Израсходовав все патроны, Барбашов и Федор растерянно сжимали в руках переставшее быть грозным оружие, а Гордей судорожно искал коробку с патронами для ружья, при этом приговаривая:
– Где… где патроны, мать вашу?..
– Батя, они же под облучком… – крикнул Федор перекрывая грохот выстрелов. Он только поднялся, чтобы принести патроны, как две пули смачно впились в деревянные части повозки, обдав парня древесной пылью.
– Куда!..– крикнул Гордея, снова роняя сына на землю. – Я сам…
Между тем партизаны под крики Никифора отошли от места боя, перегруппировались и, поняв, что у пленников кончились боеприпасы, не спеша, с винтовками наизготовку, приближались к месту побоища. Гордей нашел, наконец, коробку с патронами, но покалеченная рука плохо слушалась его, и потому он никак не мог зарядить ружье…
– Эй, там, в коляске, а ну встать и руки вверх! – это уже командовал Никифор. – Смерть ваша пришла!..

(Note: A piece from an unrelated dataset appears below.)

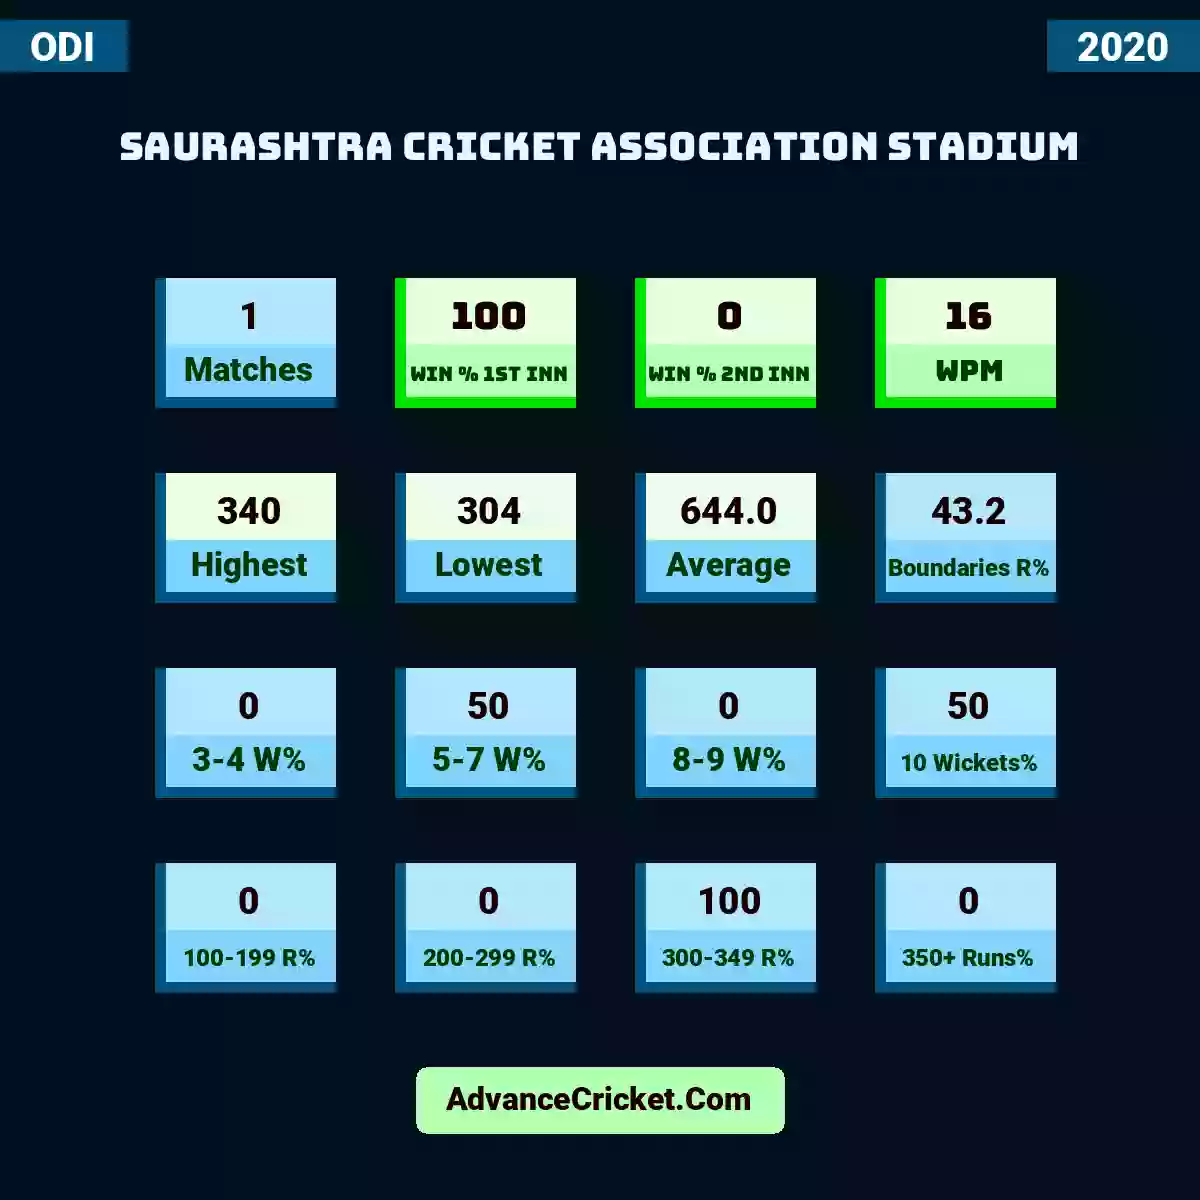 Image showing Saurashtra Cricket Association Stadium with Matches: 1, Win % 1st Inn: 100, Win % 2nd Inn: 0, WPM: 16, Highest: 340, Lowest: 304, Average: 644.0, Boundaries R%: 43.2, 3-4 W%: 0, 5-7 W%: 50, 8-9 W%: 0, 10 Wickets%: 50, 100-199 R%: 0, 200-299 R%: 0, 300-349 R%: 100, 350+ Runs%: 0.

Но в ответ прозвучал нестройный залп. Стреляли из ближайших кустов. Еще два бандита упали с лошадей, а оставшиеся осадили коней и стали пятиться, испуганно оглядываясь по сторонам, а затем рванули назад по дороге, по которой еще полчаса назад гнались за своими жертвами. Гордею, наконец, удалось зарядить ружье, он вскинул его и выстрелил дуплетом вслед убегающей троице. Одновременно из кустов раздался еще один залп, и чуть приотставший всадник вместе с лошадью рухнул, как подкошенный…
– Господи, кого ты нам послал во спасение?! Велика твоя милость и наша благодарность тебе безмерна… – Алена, стоя на коленях в тарантасе горячо молилась и клала поклоны навстречу четырем казакам, что вышли из кустов и теперь направлялись к ним.

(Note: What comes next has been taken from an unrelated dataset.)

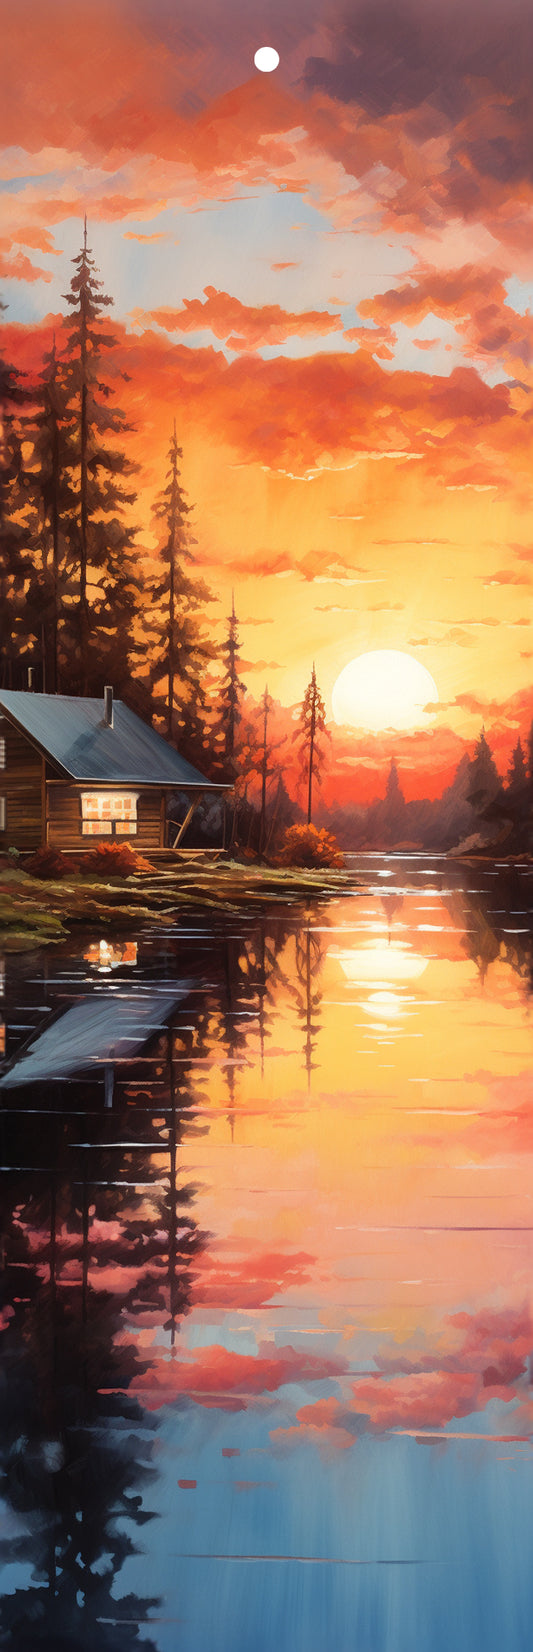 Sunset on a Lake House
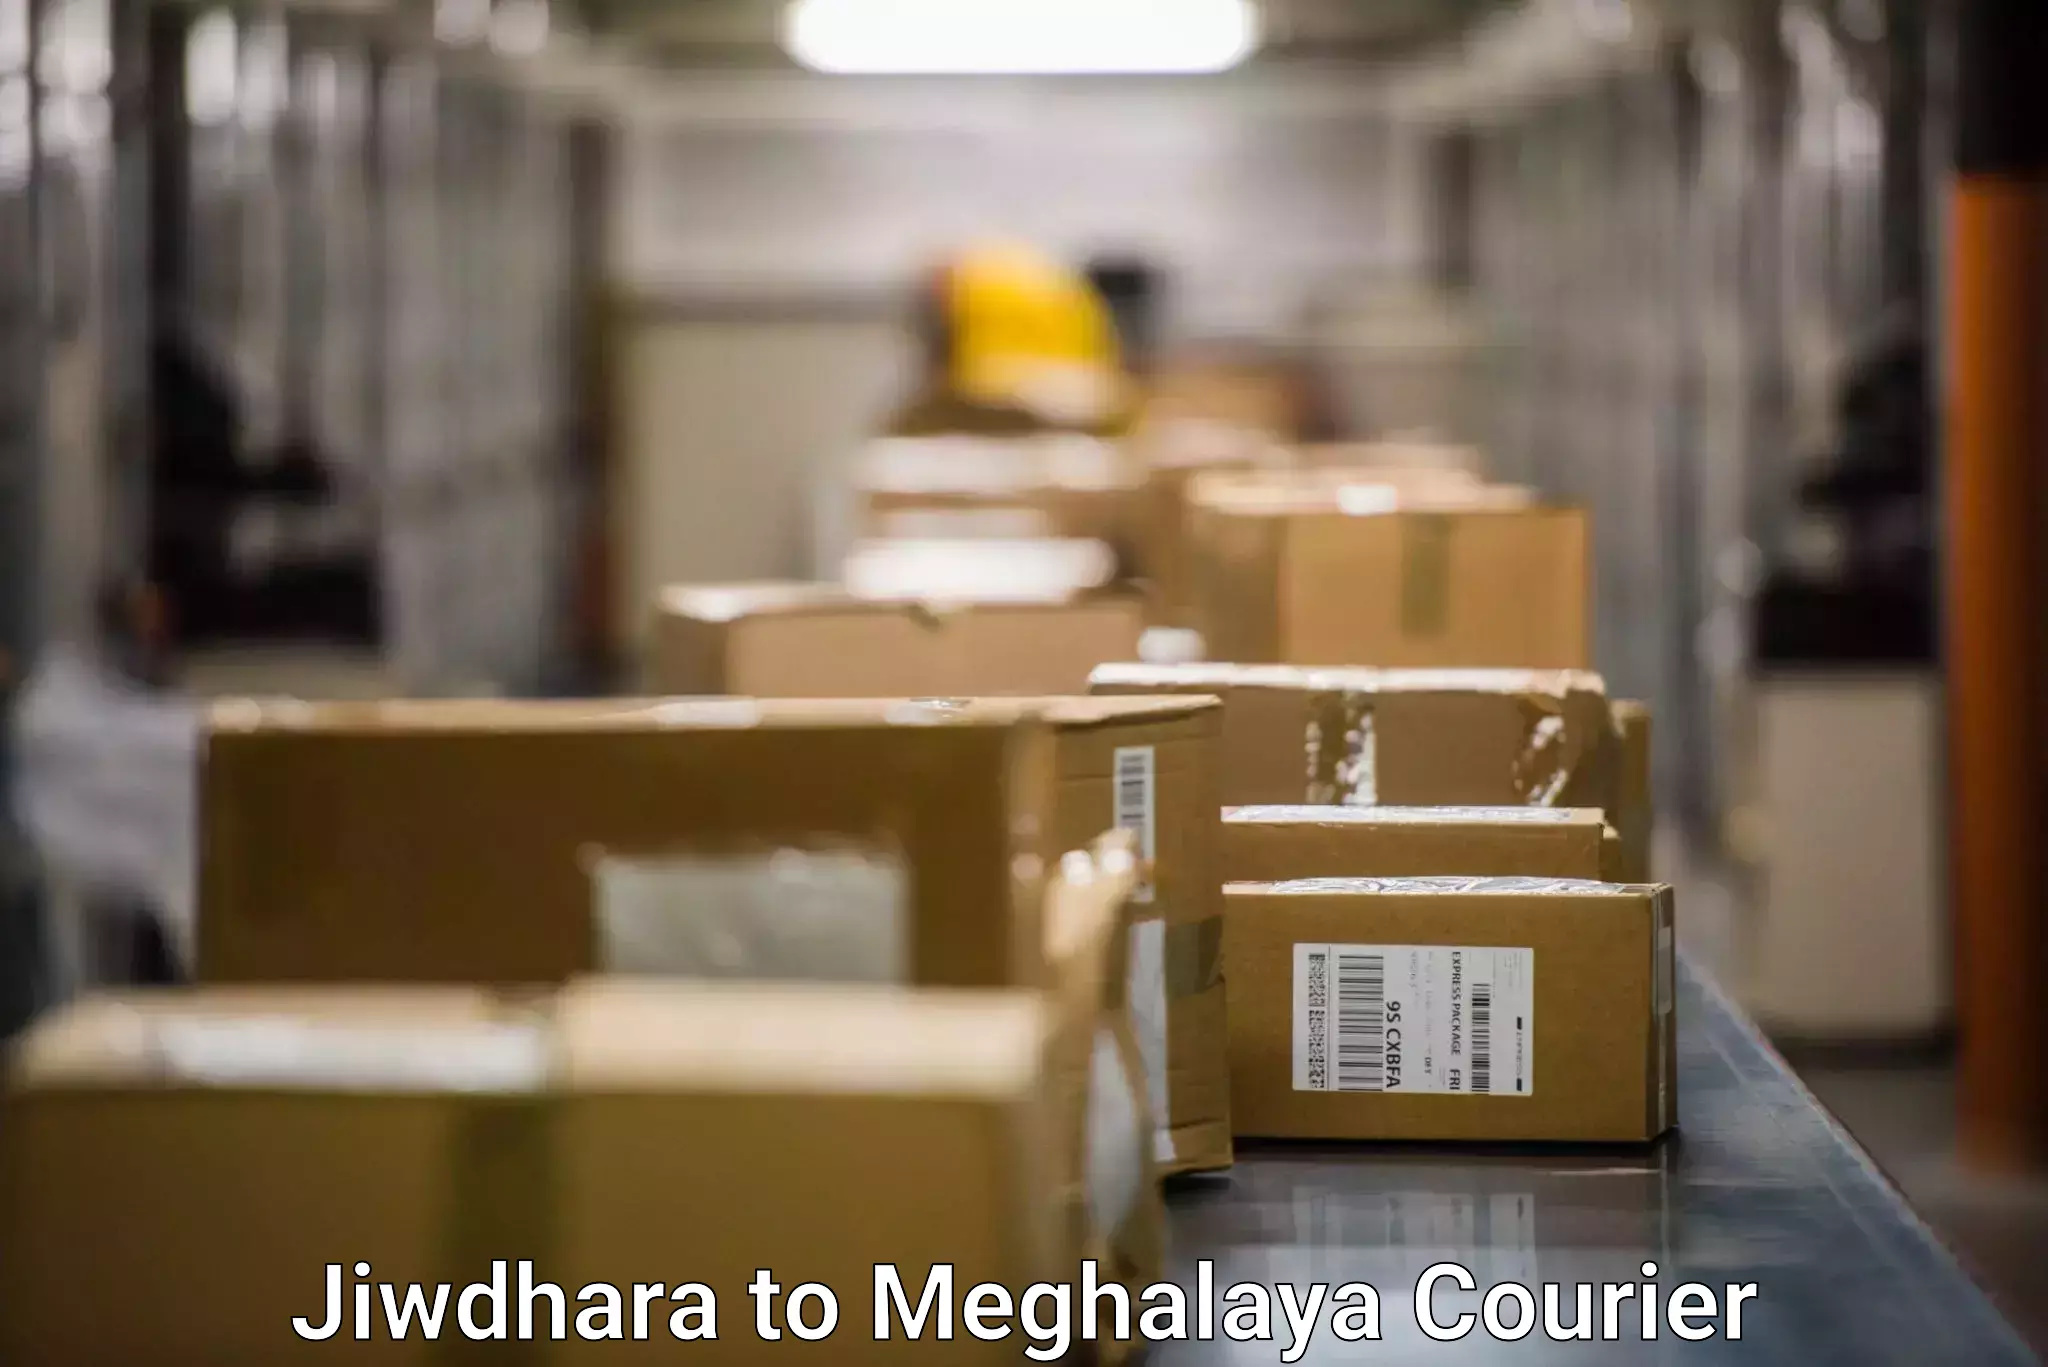 Courier service innovation Jiwdhara to Meghalaya

– Господин есаул! Иван Петрович! Это мы… – с усталой улыбкой на лице говорил черноусый красавец, волоча за собой по траве винтовку. – Едва поспели…
Раненый слабо улыбался, глядя на своего урядника, а потом кинул взгляд на едва переводящего дыхание Гордея и сказал негромко:
– Оглушил ты меня, дядя, своей гранатой… На германской я контузию получил – голова как колокол звенит от каждого взрыва…
– Извиняй, ваше благородие, коли что не так… – отозвался Гордей.
– …Все так, да только шуметь-то не надо было…– теперь есаул, превозмогая боль, улыбался широкой улыбкой.
– Ага, больше не буду…– Гордей понял шутку офицера, поддержал ее и теперь сам улыбался, медленно опускаясь на траву рядом с повозкой, и повторяя, как в забытьи, – вот ей-ей – не буду, никогда больше не буду …
Теперь он уже не улыбался, а пытался подавить нервный смех, который сотрясал все его крепкое жилистое тело.
– Никогда больше так не делай…– словно поджигал его есаул, и сам зашелся в смехе, морщась от боли. – …зачем же шуметь-то?..
– Точно, вашбродь – не буду, никогда не буду…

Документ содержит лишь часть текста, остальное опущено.